Claude calls analyze_strategy("stat_arb", window_days=14) again. Reports no change yet (the change just applied). Notes the baseline for comparison in a week.

Session ends. You go to bed. In a week, the same loop re-runs and reports whether the change helped.

Why this shape matters

Three things about this loop are only possible because the tools are MCP-native:

1. The agent composes freely. It called list_strategies → compare_strategies → analyze_strategy → get_strategy_code → suggest_strategy_improvements → propose_config_change in an order it decided. No hard-coded workflow.
2. The agent never mutated state without approval. The only write call — propose_config_change — creates a proposal, not a change.

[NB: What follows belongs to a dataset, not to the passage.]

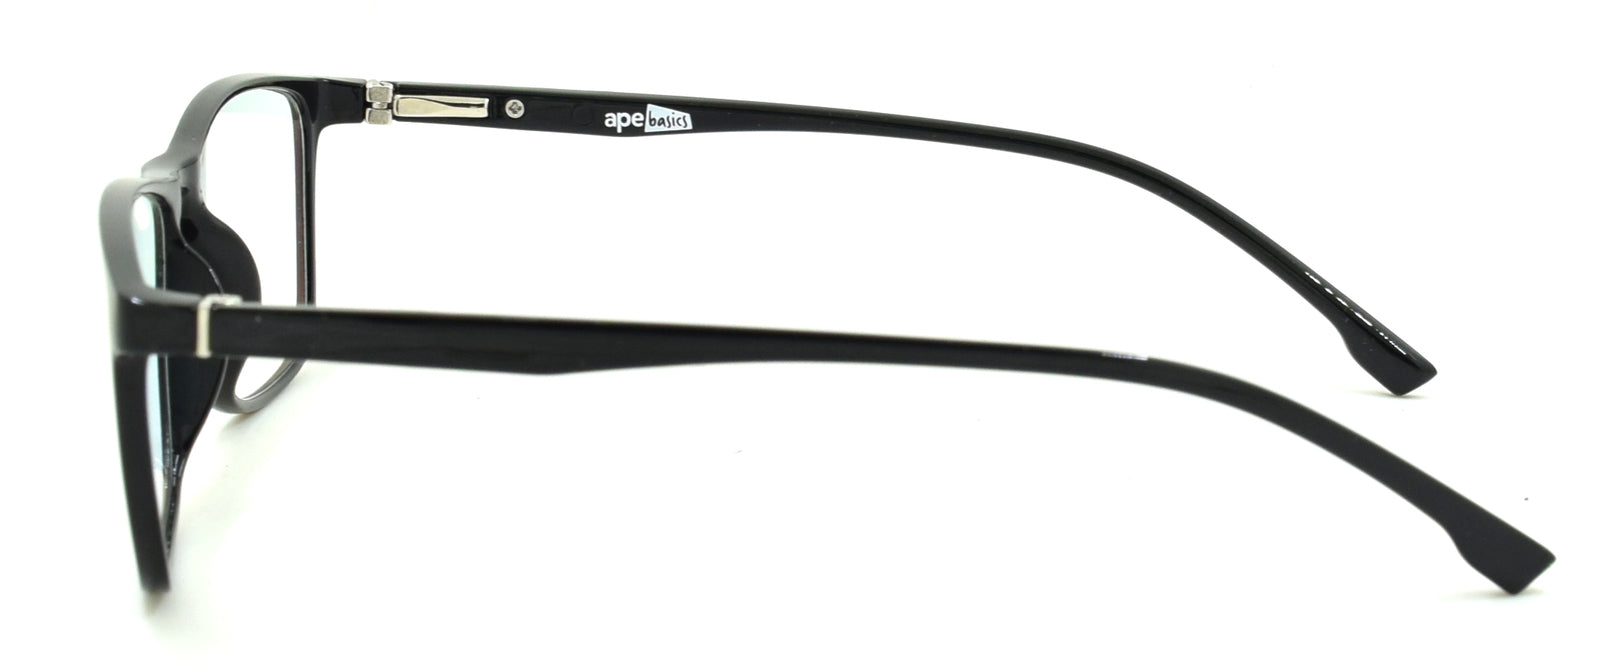 Ape Basics Computer Anti-Bluelight Glasses 35%

The platform enforces the gate.
3. The agent’s reasoning is auditable. Every tool call is logged with inputs, outputs, and timing. polybot mcp audit --since 14d --client claude gives you the session transcript.

Compare this to “Claude wired into an n8n workflow”. In the workflow case, Claude is a step in a scripted sequence you designed. In polybot’s case, Claude is an operator, bounded by the platform’s invariants. The difference is exactly the difference between “integration” and “agent”.

What makes an agent-ready platform

From this example, four properties:

• Typed, composable tools. Not one mega-tool. Many small ones the agent can combine.
• Explicit separation of read and write. Writes go through proposals or approval gates.
• State accessible, not inferred. The agent reads the real performance, not a prose summary.
• Auditability for free. Every call logged, every session replayable.

polybot built these for trading. The same properties apply to any domain where you’d want an AI agent to do real work. That’s the template worth stealing.